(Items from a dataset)
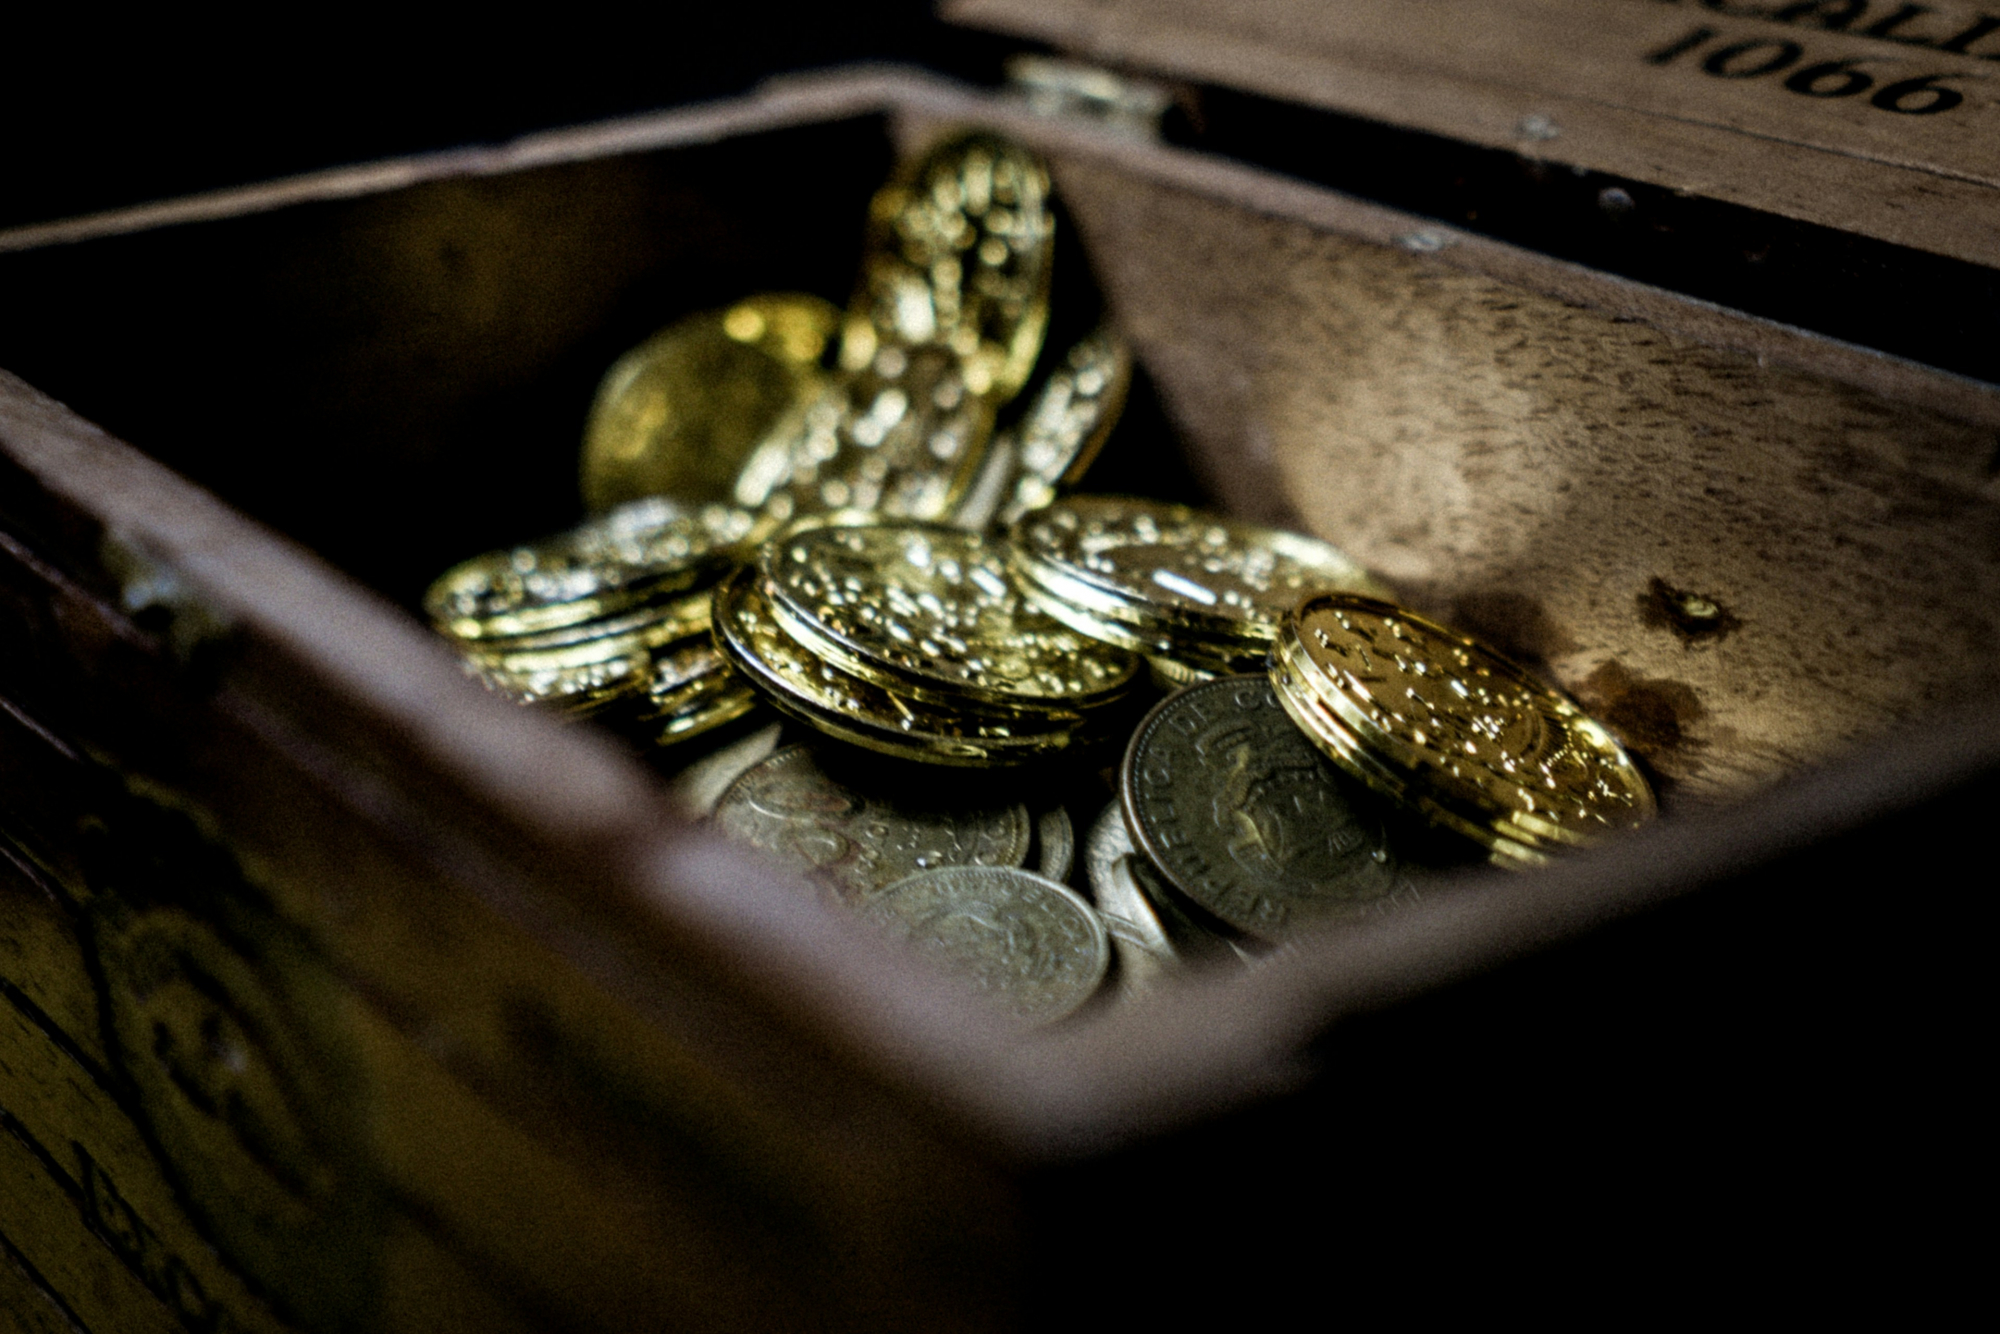 découvrez les trésors cachés et les merveilles insoupçonnées avec treasures, la référence en matière de trouvailles extraordinaires.
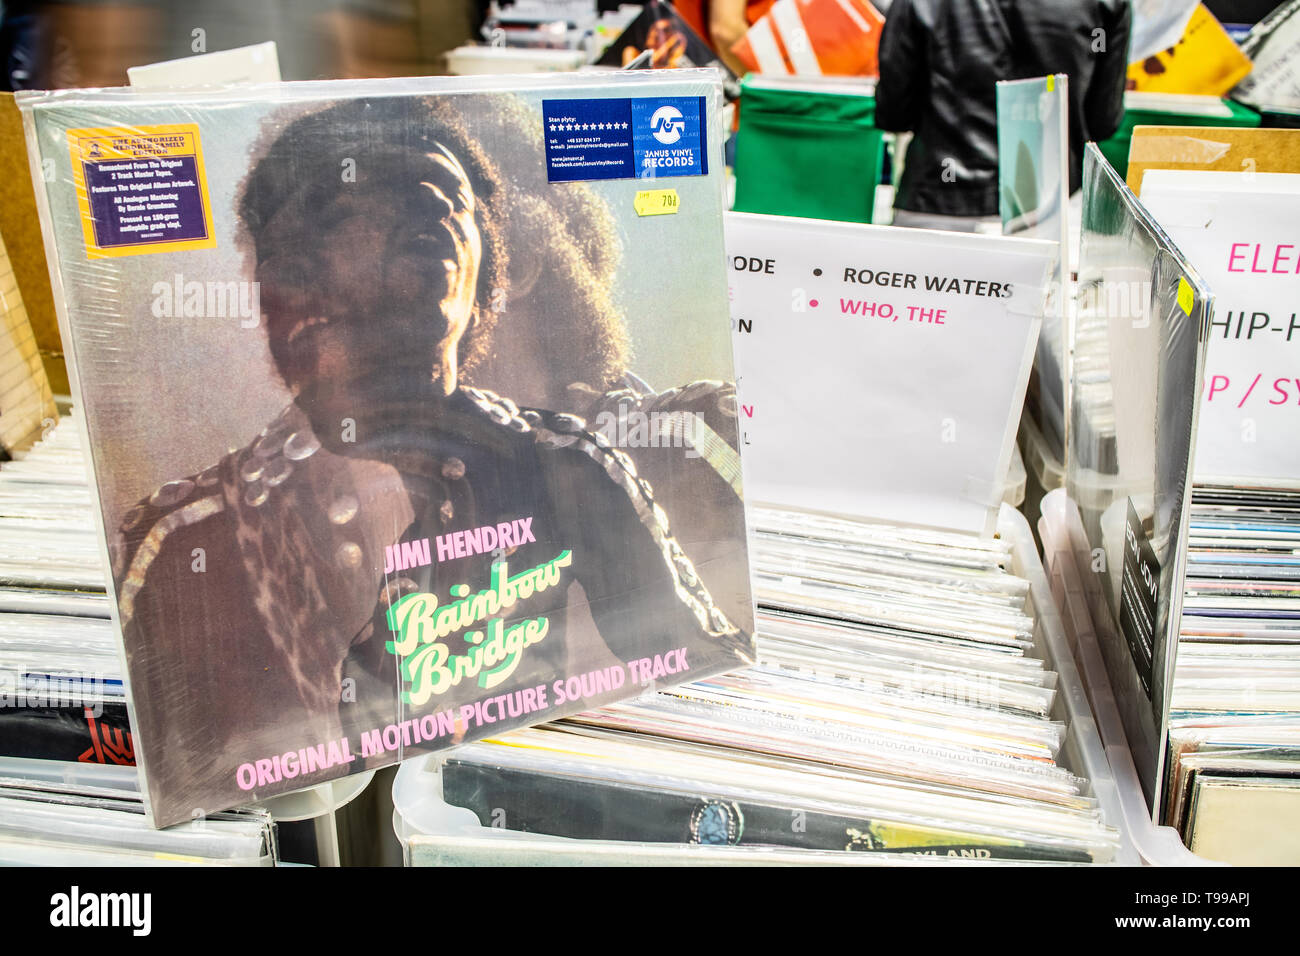 Corato, Polen, 11. Mai 2019: James Marshall "Jimi Hendrix" Vinyl Album auf Display für Verkauf, Vinyl, LP, Album, Pop Rock, Sammlung von Vinyl in zurück Stockfoto
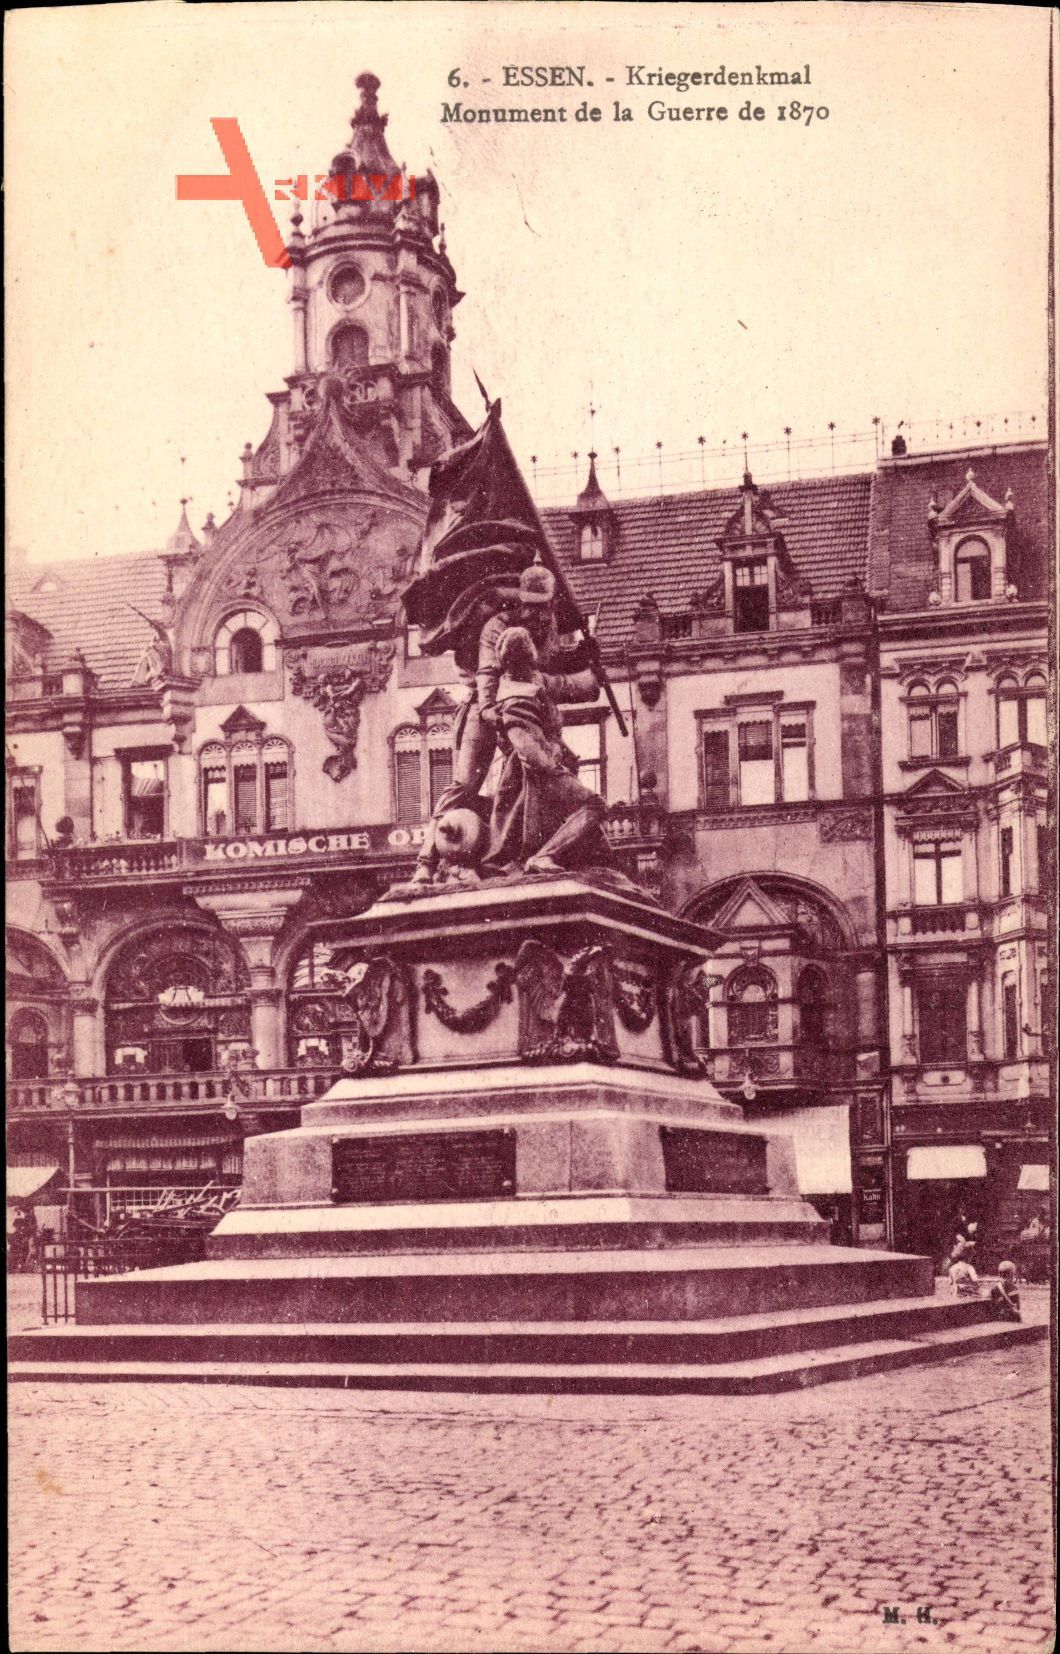 Essen im Ruhrgebiet, Kriegerdenkmal, Monument de la Guerre de 1870
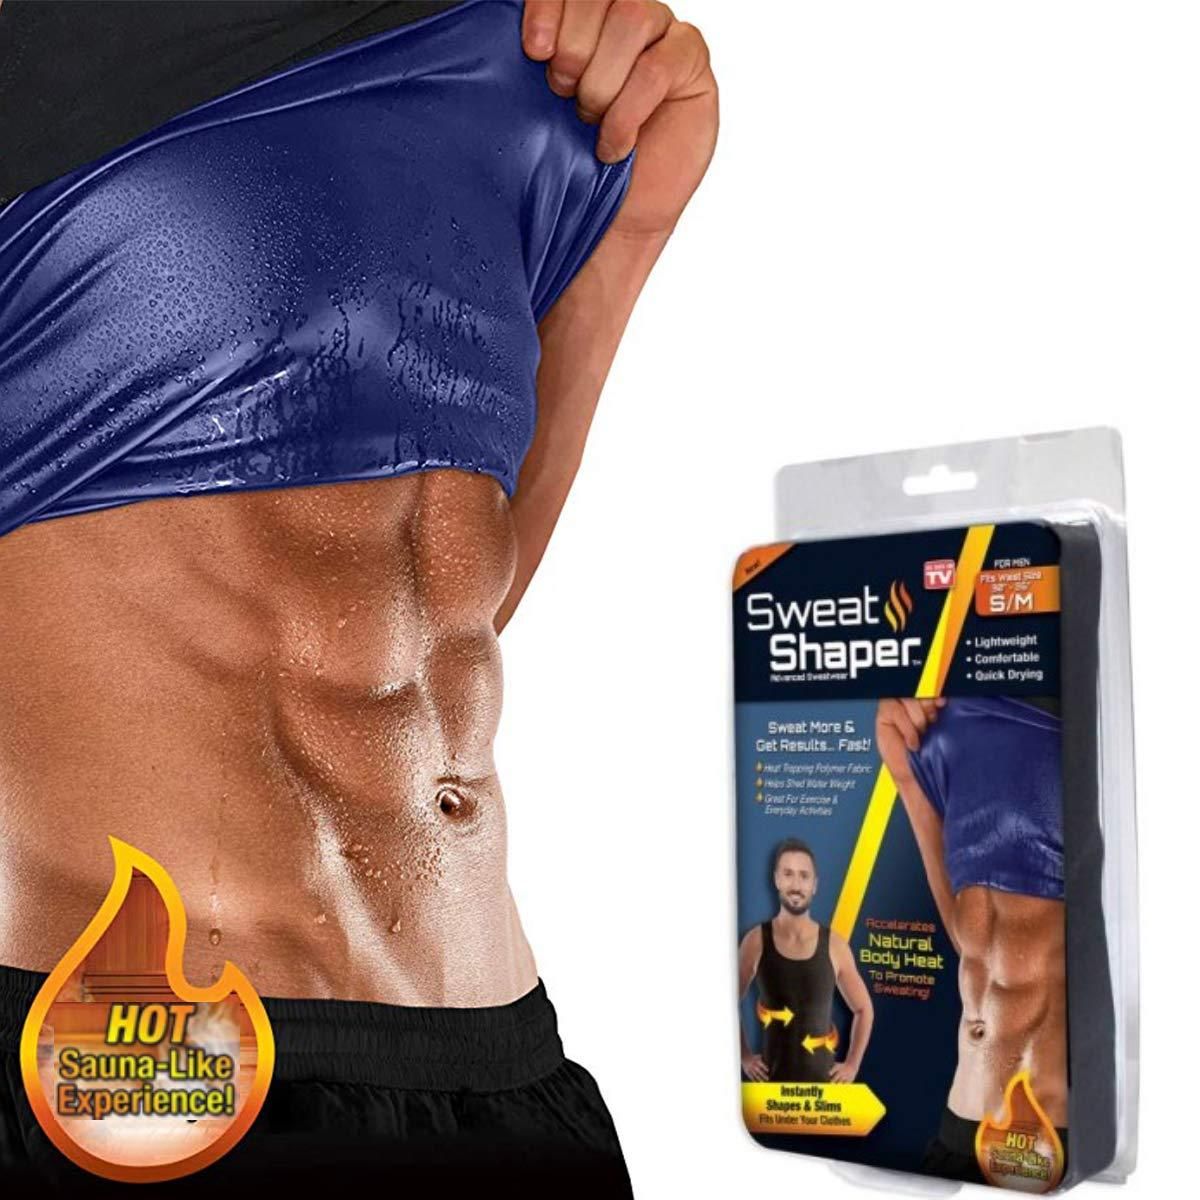 Sweat Belt - Hot Body Shaper Belly Fat Burner For Men & Women, Pet
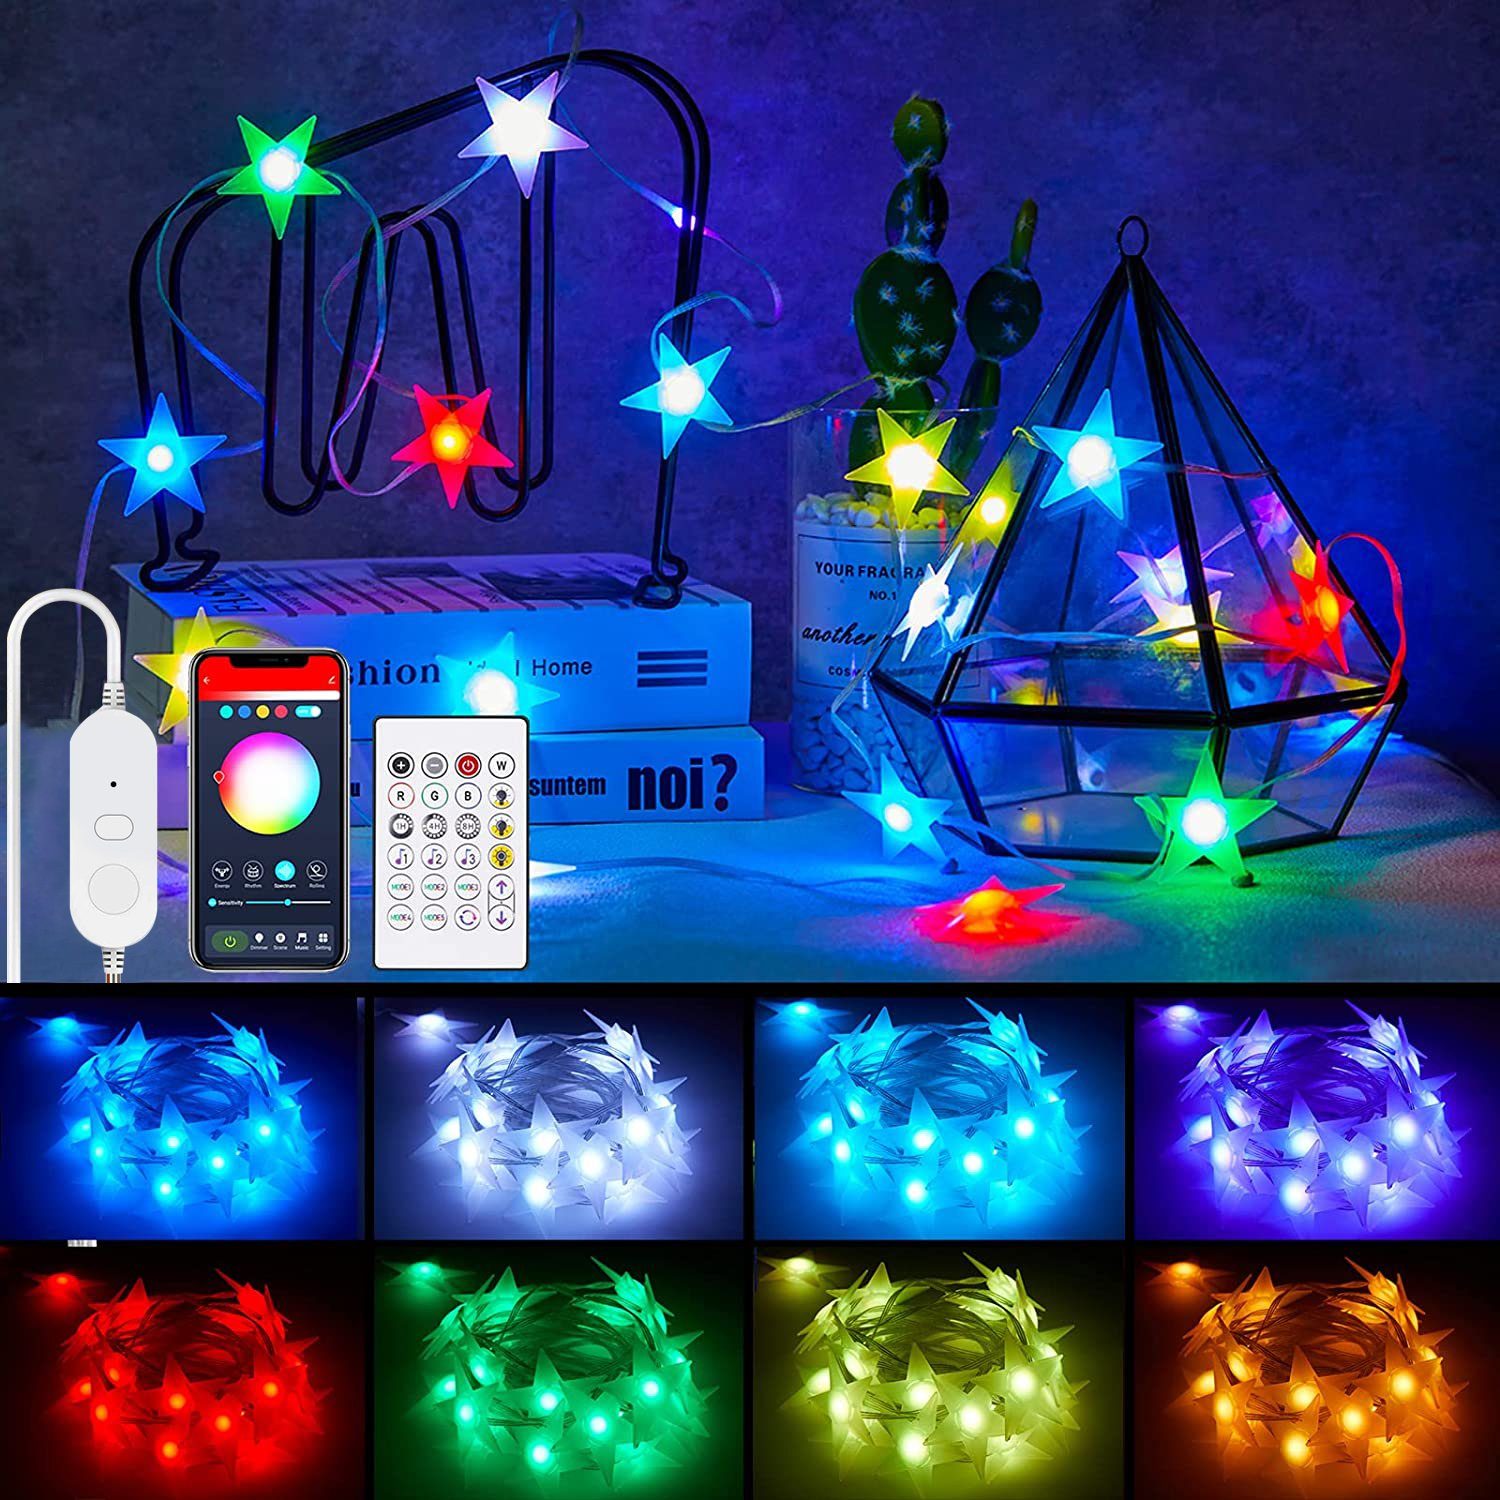 Oneid LED-Lichterkette Intelligente LED-Stern-Lichterketten für Party Dekoration Schlafzimmer

▸ **Work to complete**: Keep every word of the lines above unchanged in the copy, and omit the pictures.

▸ **Answer section**:
 découvrez les trésors cachés et les merveilles insoupçonnées avec treasures, la référence en matière de trouvailles extraordinaires.
 Corato, Polen, 11. Mai 2019: James Marshall "Jimi Hendrix" Vinyl Album auf Display für Verkauf, Vinyl, LP, Album, Pop Rock, Sammlung von Vinyl in zurück Stockfoto
 Essen im Ruhrgebiet, Kriegerdenkmal, Monument de la Guerre de 1870
 Sweat Belt - Hot Body Shaper Belly Fat Burner For Men & Women, Pet
 Oneid LED-Lichterkette Intelligente LED-Stern-Lichterketten für Party Dekoration Schlafzimmer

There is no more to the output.